KETO DIET: HEALTHY OR NOT?

Sarah Health

A healthy diet is essential to nourish, protect, balance, and control our bodily functions. 

Among the hundreds of diet choices, the Ketogenic Diet (also known as Keto Diet)  is a low-carbohydrate, high-fat ingesting plan.  It aims to increase the dieter’s fat intake while it reduces carbohydrates.  The body burns the fat as a fuel.

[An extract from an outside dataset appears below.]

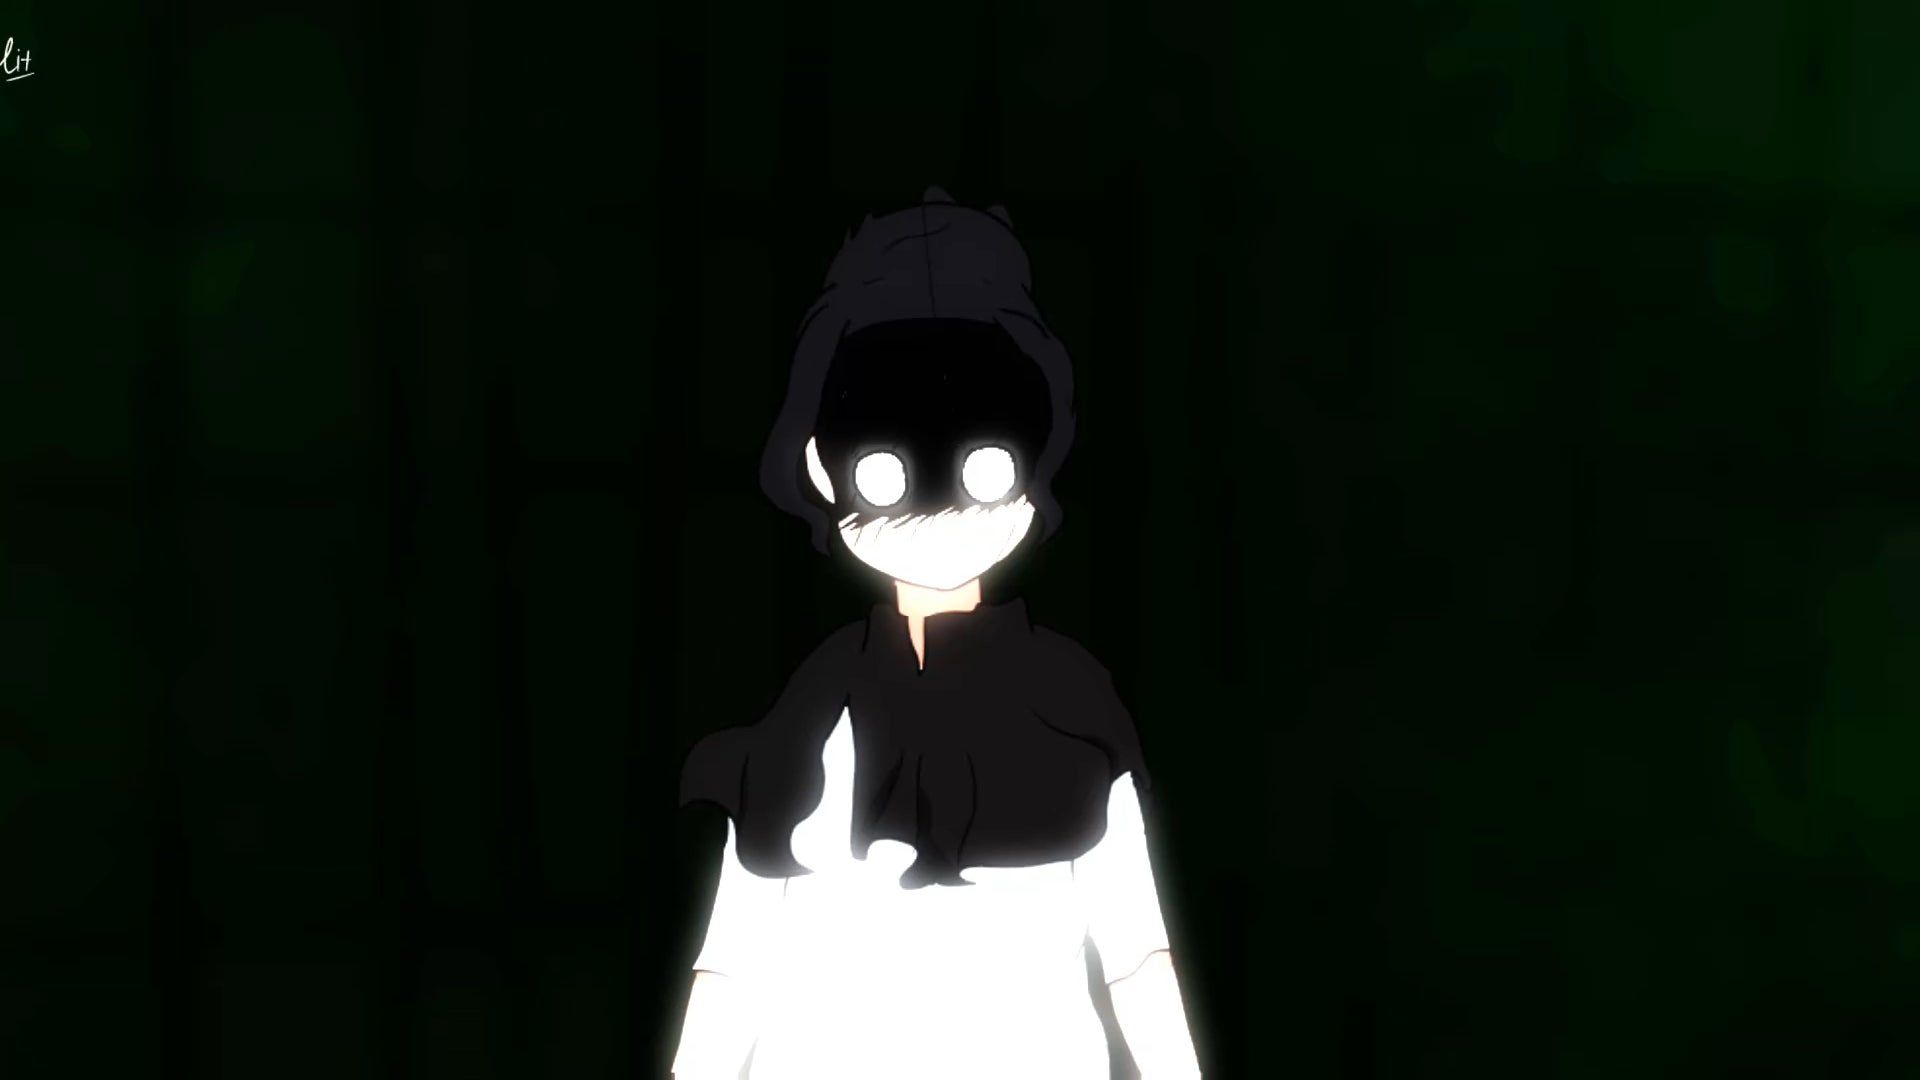 Another Animation I made as hype for Episode 114!!

It is achieved by casting off the bulk of carbs from our meals.  This results from our frame to go into a state of ketosis and use the fats to store power and energy.

The Benefits of Keto:

  • It is effective in losing weight
  • It lowers the risk factors for diseases
  • Hunger is not often experienced

According to a study from the National Institutes of Health, adults who followed a ketogenic diet for 8 weeks lost nearly five times as much total body fat compared to those who followed a low-fat diet.

The Risks of Keto:

Like anything else, there are negative effects that can happen if Keto Diet is applied in longer terms, such as:

  • A low protein in the blood
  • Extra fats in the liver
  • Kidney stones
  • Micronutrient deficiencies

Foods to Avoid:

Avoid carb-based foods like grains, sugars, rice, potatoes, juices, and most fruits.

Start planning your Keto-Friendly Grocery Basket and choose among the list below:

For Produce:

  • mushrooms
  • garlic
  • green cabbage
  • green onions
  • white onion
  • red bell pepper
  • spinach
  • romaine or leaf lettuce
  • cherry tomatoes
  • avocado
  • Lime

For Proteins:

  • boneless, skinless chicken breasts
  • ground beef
  • breakfast sausage
  • Bacon

For Eggs and Dairy:

  • cream cheese
  • eggs
  • plain, whole-milk yogurt
  • bleu cheese
  • salted butter

For Pantry Staples:

  • chicken broth
  • coconut cream
  • almond flour
  • soy sauce
  • vanilla extract
  • cocoa powder
  • monk fruit extract
  • almond butter
  • Spices and oils
  • garlic powder
  • salt
  • pepper
  • ground ginger
  • cinnamon
  • coconut oil
  • sesame oil
  • sesame seeds
  • avocado oil

*Bonus: Try this Keto-friendly Recipe!

KETO SUSHI ROLLS

Prep Time:  15 minutes

Ingredients:

  • Nori Seaweed Sheets
  • Bell pepper, cucumber, or any chopped vegetables or filling
  • Avocado for filling
  • Sushi-grade / Smoked Fish
  • Cream Cheese or Spicy Peanut Sauce

Steps:

  1. Assemble the sushi by laying out the Nori Seaweed Sheets and dampening the edges with a little water. 
  2. Lay your filling on the Nori Sheet and roll it lightly.
  3. Slice it into bite-sized pieces just the way you eat it like a wrap.

Keto sushi rolls are excellent, nutrient-rich snacks without the guilt! 

You can get the Nori Seaweed Sheets from an Asian Grocery Market and start whipping up your own creations at home!

The TAKEAWAY – Is Keto Diet healthy or not?

  • It is healthy and beneficial for patients who have metabolic, neurological, and insulin-related diseases.  However, discuss any intended diet plan with a trusted dietician or healthcare provider if you’re planning to stay long-term on this particular diet.